Kleyko Denis, Rosato Antonello, Frady Edward Paxon, Panella Massimo, Sommer Friedrich T
IEEE Trans Neural Netw Learn Syst. 2024 Jul;35(7):9885-9899. doi: 10.1109/TNNLS.2023.3237381. Epub 2024 Jul 10.
Multilayer neural networks set the current state of the art for many technical classification problems. But, these networks are still, essentially, black boxes in terms of analyzing them and predicting their performance. Here, we develop a statistical theory for the one-layer perceptron and show that it can predict performances of a surprisingly large variety of neural networks with different architectures. A general theory of classification with perceptrons is developed by generalizing an existing theory for analyzing reservoir computing models and connectionist models for symbolic reasoning known as vector symbolic architectures. Our statistical theory offers three formulas leveraging the signal statistics with increasing detail. The formulas are analytically intractable, but can be evaluated numerically. The description level that captures maximum details requires stochastic sampling methods. Depending on the network model, the simpler formulas already yield high prediction accuracy. The quality of the theory predictions is assessed in three experimental settings, a memorization task for echo state networks (ESNs) from reservoir computing literature, a collection of classification datasets for shallow randomly connected networks, and the ImageNet dataset for deep convolutional neural networks. We find that the second description level of the perceptron theory can predict the performance of types of ESNs, which could not be described previously. Furthermore, the theory can predict deep multilayer neural networks by being applied to their output layer. While other methods for prediction of neural networks performance commonly require to train an estimator model, the proposed theory requires only the first two moments of the distribution of the postsynaptic sums in the output neurons. Moreover, the perceptron theory compares favorably to other methods that do not rely on training an estimator model.

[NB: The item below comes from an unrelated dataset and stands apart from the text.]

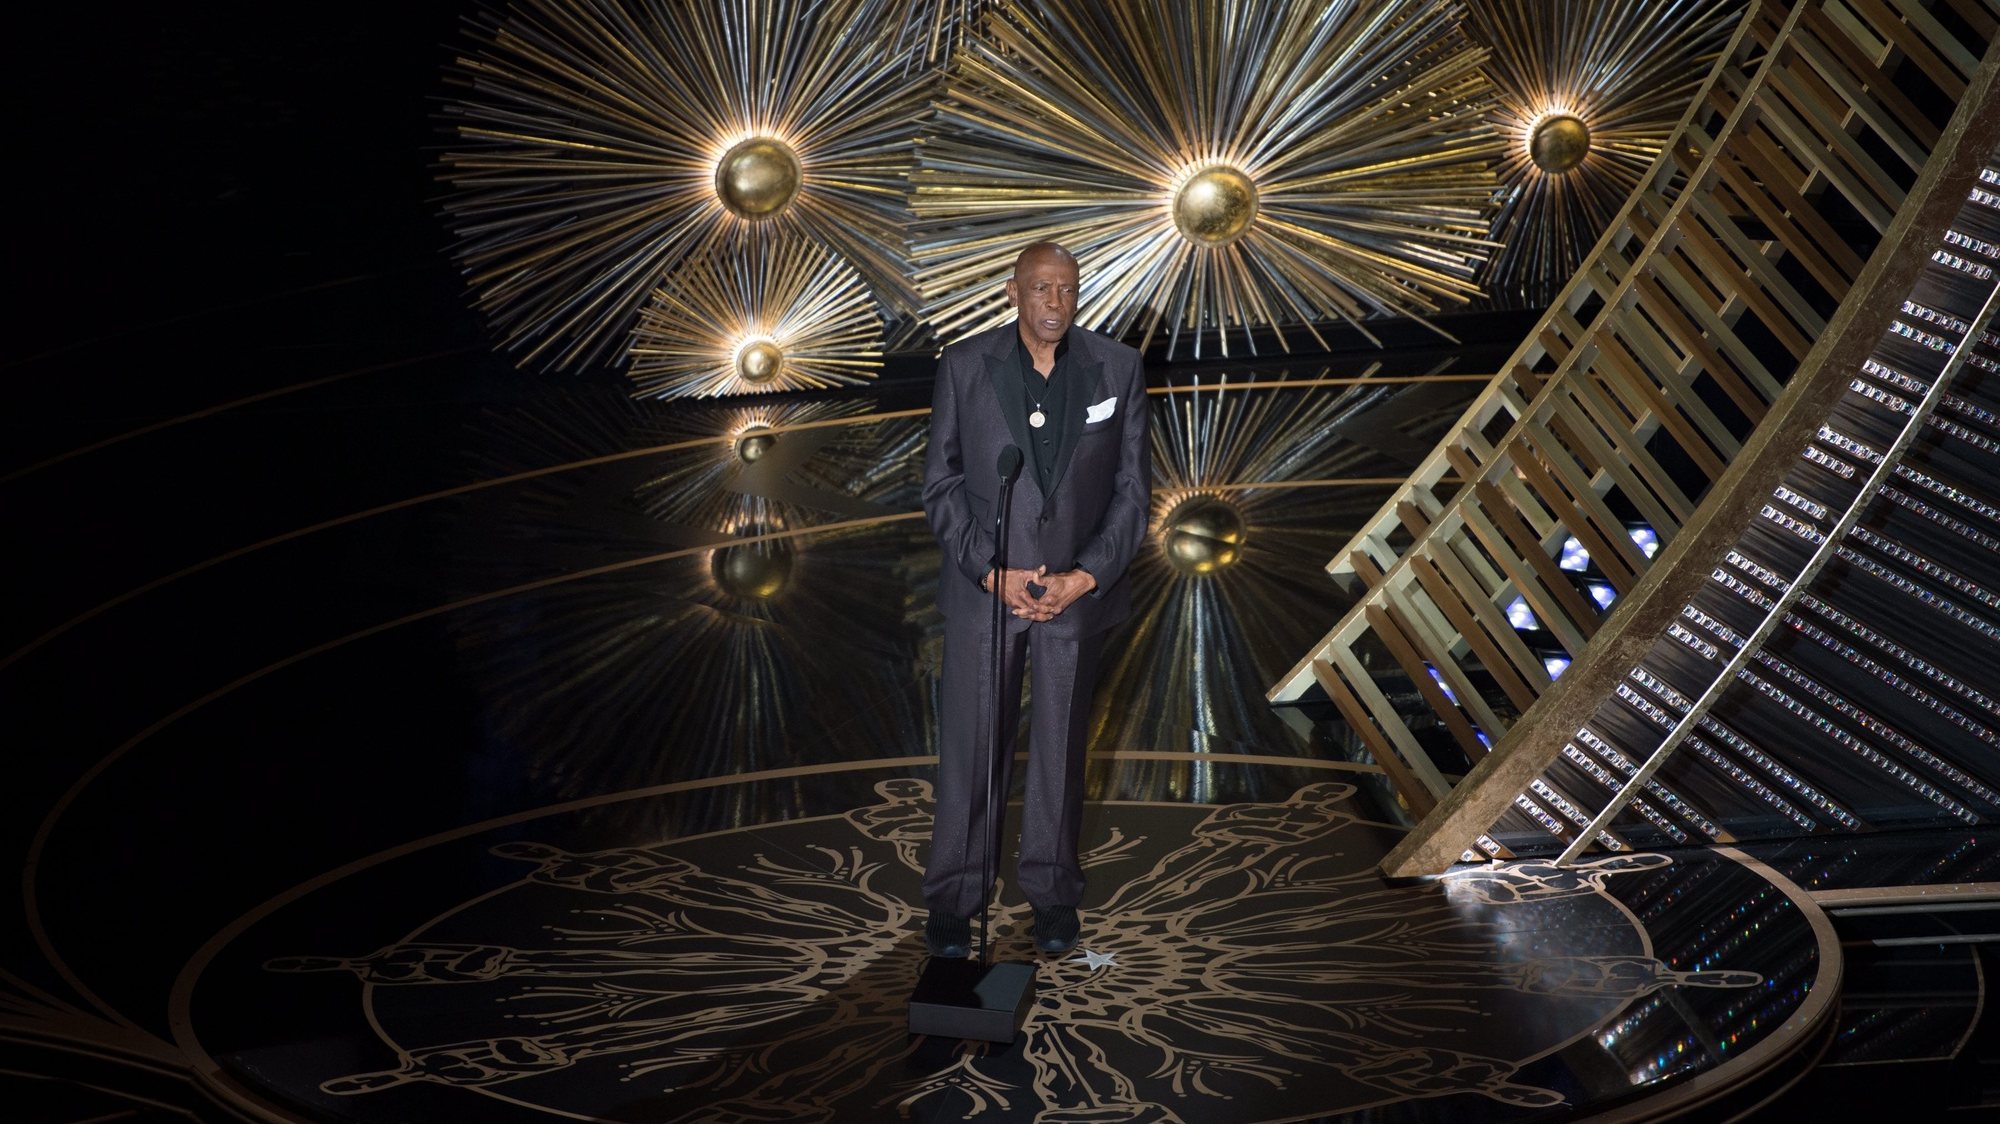 epa05187380 A handout image provided by the Academy of Motion Picture Arts and Science (AMPAS) shows Louis Gossett Jr. presenting during the live ABC Telecast of the 88th annual Academy Awards ceremony at the Dolby Theatre in Hollywood, California, USA, 28 February 2016. The Oscars were presented for outstanding individual or collective efforts in 24 categories in filmmaking.  EPA/VALERIE DURANT / AMPAS / HANDOUT THE IMAGE MAY NOT BE ALTERED AND IS FREE FOR EDITORIAL USE ONY IN REPORTING ABOUT THE EVENT. ONE TIME USE ONLY. MANDATORY CREDIT. HANDOUT EDITORIAL USE ONLY/NO SALES/NO ARCHIVES

多层神经网络在许多技术分类问题上代表了当前的先进水平。但是,就分析这些网络并预测其性能而言,它们本质上仍然是黑箱。在此,我们为单层感知机开发了一种统计理论,并表明它可以预测具有不同架构的各种神经网络的性能。通过推广一种现有的理论来分析水库计算模型和用于符号推理的连接主义模型(称为向量符号架构),从而开发了一种感知机分类的通用理论。我们的统计理论提供了三个利用信号统计且细节不断增加的公式。这些公式在解析上难以处理,但可以进行数值评估。捕获最大细节的描述级别需要随机采样方法。根据网络模型,更简单的公式已经能产生较高的预测精度。在三种实验设置中评估了理论预测的质量,一种是来自水库计算文献的回声状态网络(ESN)的记忆任务,一种是用于浅层随机连接网络的分类数据集集合,还有一种是用于深度卷积神经网络的ImageNet数据集。我们发现感知机理论的第二个描述级别可以预测以前无法描述的ESN类型的性能。此外,该理论通过应用于深度多层神经网络的输出层来预测它们。虽然其他预测神经网络性能的方法通常需要训练一个估计模型,但所提出的理论只需要输出神经元中突触后总和分布的前两个矩。而且,感知机理论与其他不依赖于训练估计模型的方法相比具有优势。